# Songs That Inspire You



## LearningToFly (Jun 7, 2010)

What are some songs that inspire you, motivate you, give you hope, etc.

I'll go first,

"Where the Streets have no Name" - U2
"Butterflies and Hurricanes" - Muse
"Learn to Fly" - Foo Fighters

among others


----------



## Sunshine009 (Sep 21, 2008)




----------



## defoe (Jan 31, 2010)




----------



## Anytime (Jun 3, 2010)




----------



## silverfish (Sep 18, 2009)

Hard by Rihanna - great song!
All the above - also great! =)


----------



## bbarn (Dec 22, 2007)

Glee/Journey - Don't stop believing


----------



## PickaxeMellie (Jan 22, 2010)

Animal Collective's "In the Flowers" 
The Flaming Lips' "Race for the Prize"
The Octopus Project's "Bees Bein' Strugglin'"
Sonic Youth's "Diamond Sea"
Radiohead's "Weird Fishes/Arpeggi"
Air's "Surfing on a Rocket"
Ted Leo & the Pharmacists' "The Mighty Sparrow"
Black Moth Super Rainbow's "I Think It Is Beautiful That You Are 256 Colors Too"
Fever Ray's "When I Grow Up"
Mojo Nixon & Skid Roper's "This Land Is Your Land"
Kennedy's "Karate"
The Mountain Goats' "This Year"

I could do this all day.


----------



## PickaxeMellie (Jan 22, 2010)

@Sunshine - I've always loved "Learning to Fly"! Good choice!


----------



## shyguydan222 (Nov 1, 2008)

Journey- Don't Stop Believing
Our Lady Peace- Life
Enigma- Return to Innocence 
Foo Figthers (of course) Learn to Fly
Jordin Sparks- One Step at a Time


----------



## KumagoroBeam (Sep 15, 2008)

All-American Rejects - Move Along 
Kid Cudi - Up Up And Away 
The Mad Capsule Markets - Fly High 
Tegan and Sara - Proud 
Nine Inch Nails - My Violent Heart
Yellowcard - Believe


----------



## Jaynie (Jun 7, 2010)

Oddly enough, Life On Mars by David Bowie. It's not actually the lyrics (at all) but for some reason I feel much stronger and more capable when I've just listened to it at loud volume. Actually, I feel the same about Ziggy Stardust. :S

I would also second "Learning to Fly", but not much else of Pink Floyd's music.

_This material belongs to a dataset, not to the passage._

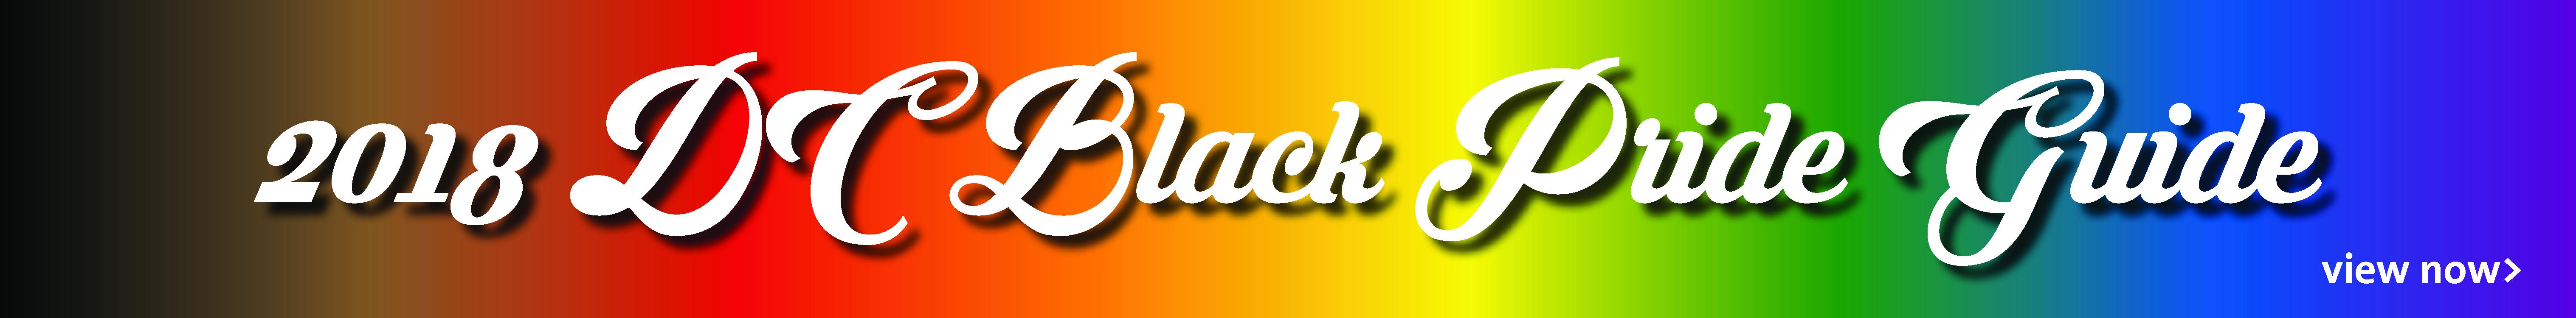 DC Black Pride Guide 2018

I mean, I love them, but lyrics-wise it's in a "jeez, this song about war is very depressing" sort of way.


----------



## Jaz (Jun 13, 2010)

Some of The songs that lift me up when I'm down are:

Watch me Shine- Vanessa Carlton 
Just like you- Three Day's Grace
Hero- Nickleback
Famous last words- My chemical Romance
The Middle- Jimmy Eat World
Unwritten- Natasha Bedingfield


----------



## Trek (Apr 12, 2010)

This one does it for me. (I'll post lyrics with it too because it's sung in English/Jamaican Patois with a heavy Jamaican accent so if you're not familiar with it- you might not be able to understand it.)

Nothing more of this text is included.